Prior to the War of 1812, citizens did not like to use anthracite coal because it was difficult to ignite and maintain, but the wartime shortage forced them to start using anthracite. Jacob Cist of Wilkes-Barre, Pennsylvania promoted the use of anthracite during and after the War of 1812. Jacob Cist's father was a major investor in the Lehigh Coal Mine Company, so Cist began to transport the company's coal to Philadelphia by the Lehigh and Delaware rivers.

Once in Philadelphia, he used testimonials and public demonstrations to negate the stereotype of anthracite and convince Philadelphia society that the hard coal could be used as a replacement for bituminous coal. Cist and other advocates including the Pennsylvania state legislature and government officials continued to promote the anthracite, and the War of 1812 was able to open the way for Pennsylvania anthracite coal to outdo Virginia's bituminous share of the market.
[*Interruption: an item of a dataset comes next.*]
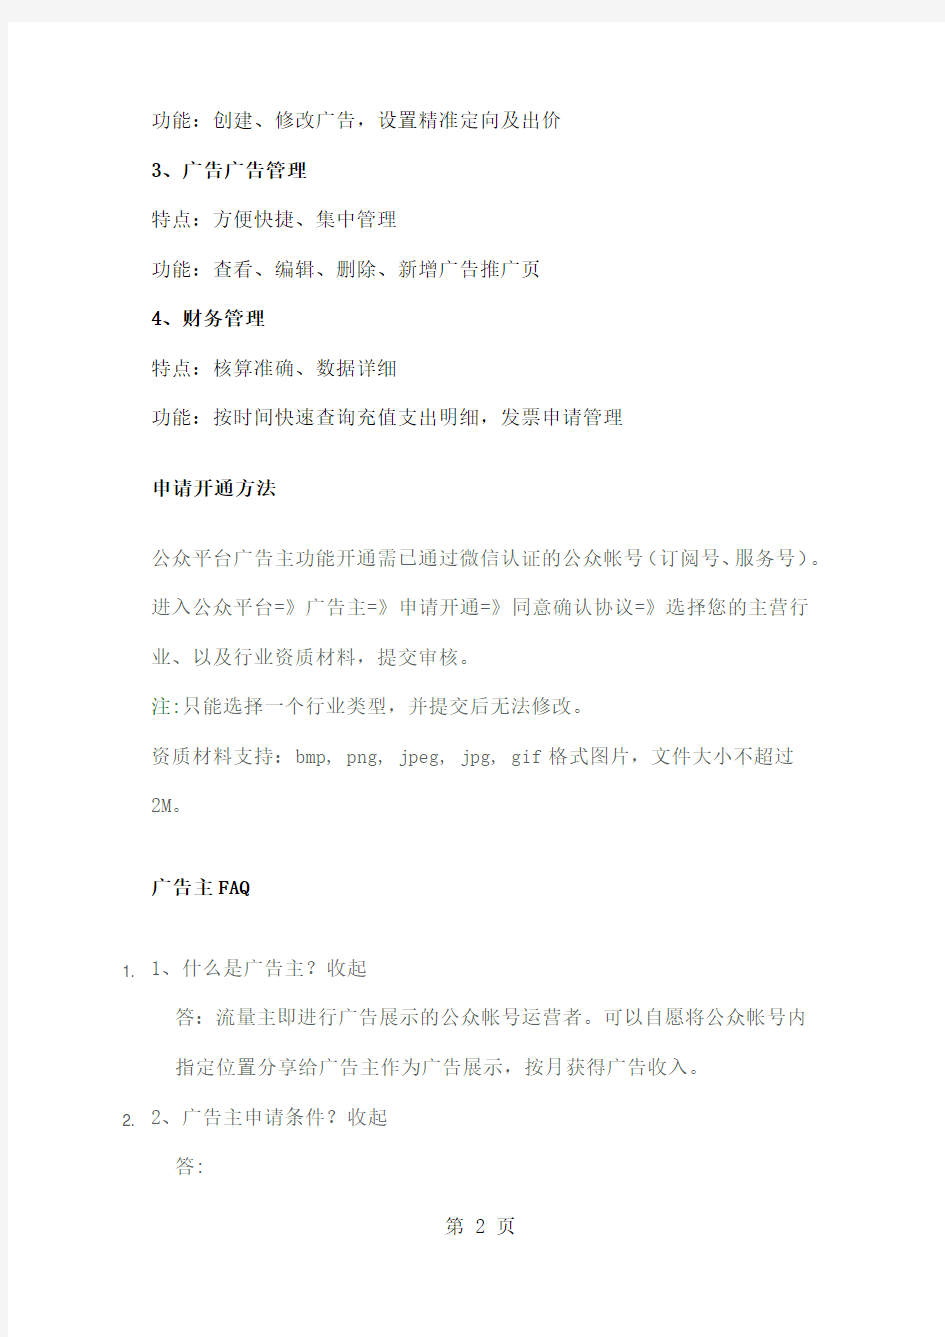 微信公众平台推广功能-16页文档资料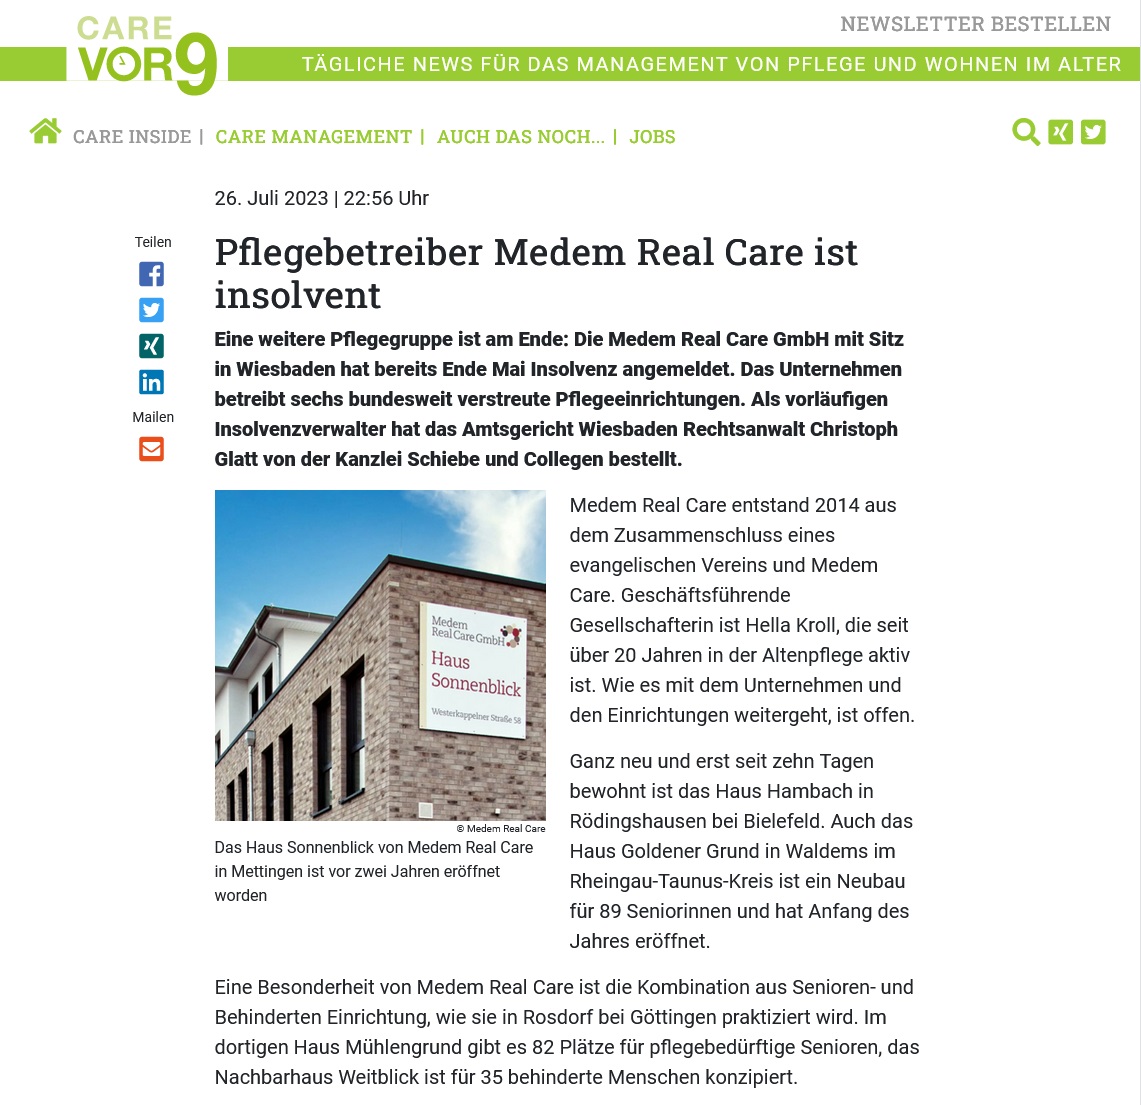 Carevor9.de: Pflegebetreiber Medem Real Care Ist Insolvent

With the opening of the major canals Lehigh, Schuylkill, and Delaware & Hudson in addition to smaller ones such as the Delaware Division and Morris Canals, canal companies successfully provided urban markets for anthracite coal. The anthracite commercial market greatly expanded, and the hard coal was used as valuable fuel for heating and cooking domestically, as well as energy sources for small businesses such as blacksmiths, brewers, bakers, and manufacturers.

=== Lehigh Canal ===

Josiah White and Erskine Hazard founded the Lehigh Navigation Company in 1818. They wanted to use rivers to more efficiently transport anthracite coal. After they were declined a charter to the Schuylkill River, they tried to receive a charter for the Lehigh River. The Lehigh River was located near the Summit Hill Mine, which was mined and operated by the Lehigh Coal Mine Company. Josiah White and Erskine Hazard made a partnership between their company and the Lehigh Coal Mine Company to form the Lehigh Coal & Navigation Company, which was incorporated in 1822. They received a charter from the Pennsylvania legislature giving them the right to improve navigation on the Lehigh River, which effectively granted them a monopoly over the Lehigh. White and Hazard ordered the construction of a roadway to link the Summit Hill Mine and the Lehigh River, and then ordered the building of a canal. By 1840, over 250,000 tons of anthracite mined from the region annually reached Philadelphia through White and Hazard's Lehigh River system.

=== Schuylkill Canal ===
A group of Germans wanted to seek the rights to the Schuylkill River. They received a charter in 1815 to incorporate the Schuylkill Navigation Company, which would have control over the Schuylkill River. After receiving investors, the Schuylkill Navigation Company was able to finance a 108-mile long river and canal system that connected the Pottsville area to Philadelphia that opened in 1825. By the early 1840s, some 500,000 tons of anthracite coal was being transported annually to Philadelphia using the Schuylkill River.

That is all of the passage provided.